Highmark says dental care saves diabetics thousands in drug costs
By Alex Nixon
Published: Wednesday, November 14, 2012, 10:04 a.m.
Updated: Tuesday, February 5, 2013
Diabetics who receive regular dental care and treatment for gum disease spent an average of $1,477 less per year on prescription drugs than diabetics who don't see dentists, an insurance industry study found.
Highmark Inc. subsidiary United Concordia Dental on Wednesday released results of the study, which examined claims records of 1.7 million patients with United Concordia dental insurance and Highmark medical insurance.
It followed results released in March that showed diabetics who received regular dental treatments spent $1,814 less each year on hospitalizations and doctor visits.
United Concordia's dental director, Jim Bramson, said the oral health study — the largest of its kind — delivers a strong message.
“Annual health care savings of more than $3,200 are possible when you combine the medical and pharmacy savings for individuals with diabetes (who) are treated for gum disease,” Bramson said.
In the latest results, patients treated at least seven times for gum disease showed the average reduction in pharmacy costs.

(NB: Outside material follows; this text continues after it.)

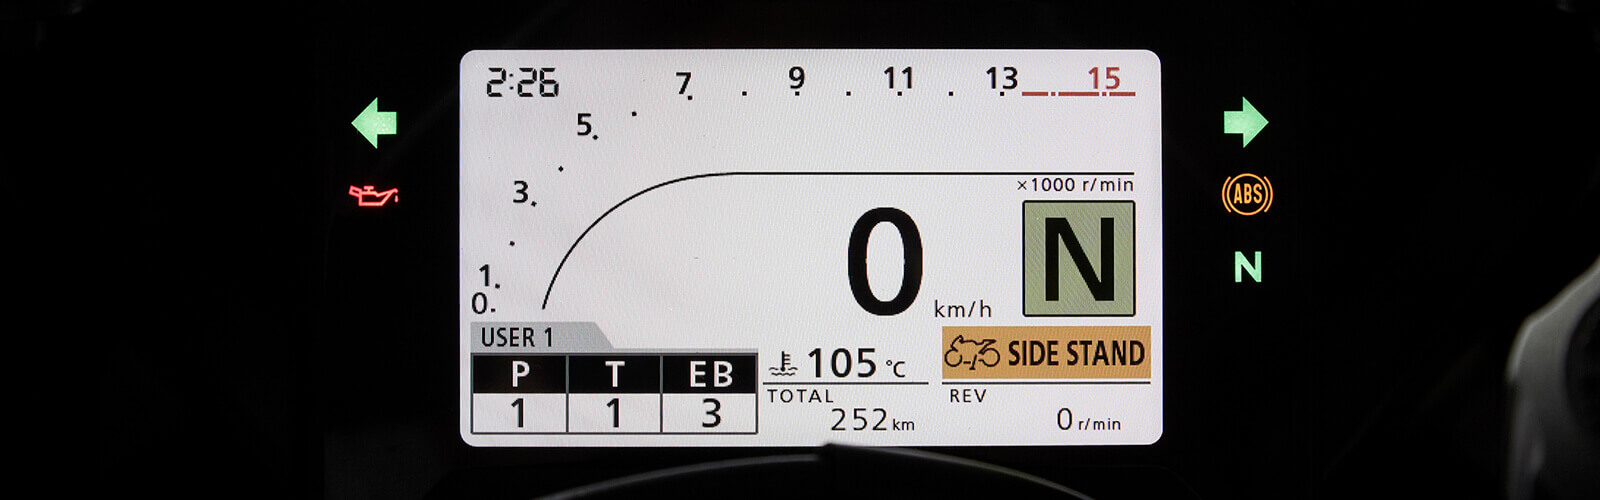 Selector de potencia a través de la pantalla TFT con la CBR 1000 SP1

The March results showed that diabetics who received treatment for gum disease had 33 percent fewer hospitalizations and 13 percent fewer doctor visits than those who didn't seek dental treatment.
In response to its findings, United Concordia this fall introduced a benefit called UCWellness in 26 states, including Pennsylvania, Bramson said. It can be added to dental plans for the 2013 benefit year to cover 100 percent of costs for added treatments such as cleaning and surgery, he said.
United Concordia estimated a company with 2,000 employees is likely to have 200 to 250 people with diabetes. If just six of those workers made use of benefits, the projected medical savings would cover the employer's cost of UCWellness, Bramson said.
Dr. Anthony J. Cannon, a Hamilton, N.J., endocrinologist and regional board president for the American Diabetes Association who reviewed the results for United Concordia, said the study's findings “are consistent with an emerging body of evidence associating gingivitis, type 2 diabetes and vascular disease.”
Highmark and United Concordia plan to expand the study to try to determine whether improved oral health can reduce costs associated with preterm births, heart disease and stroke.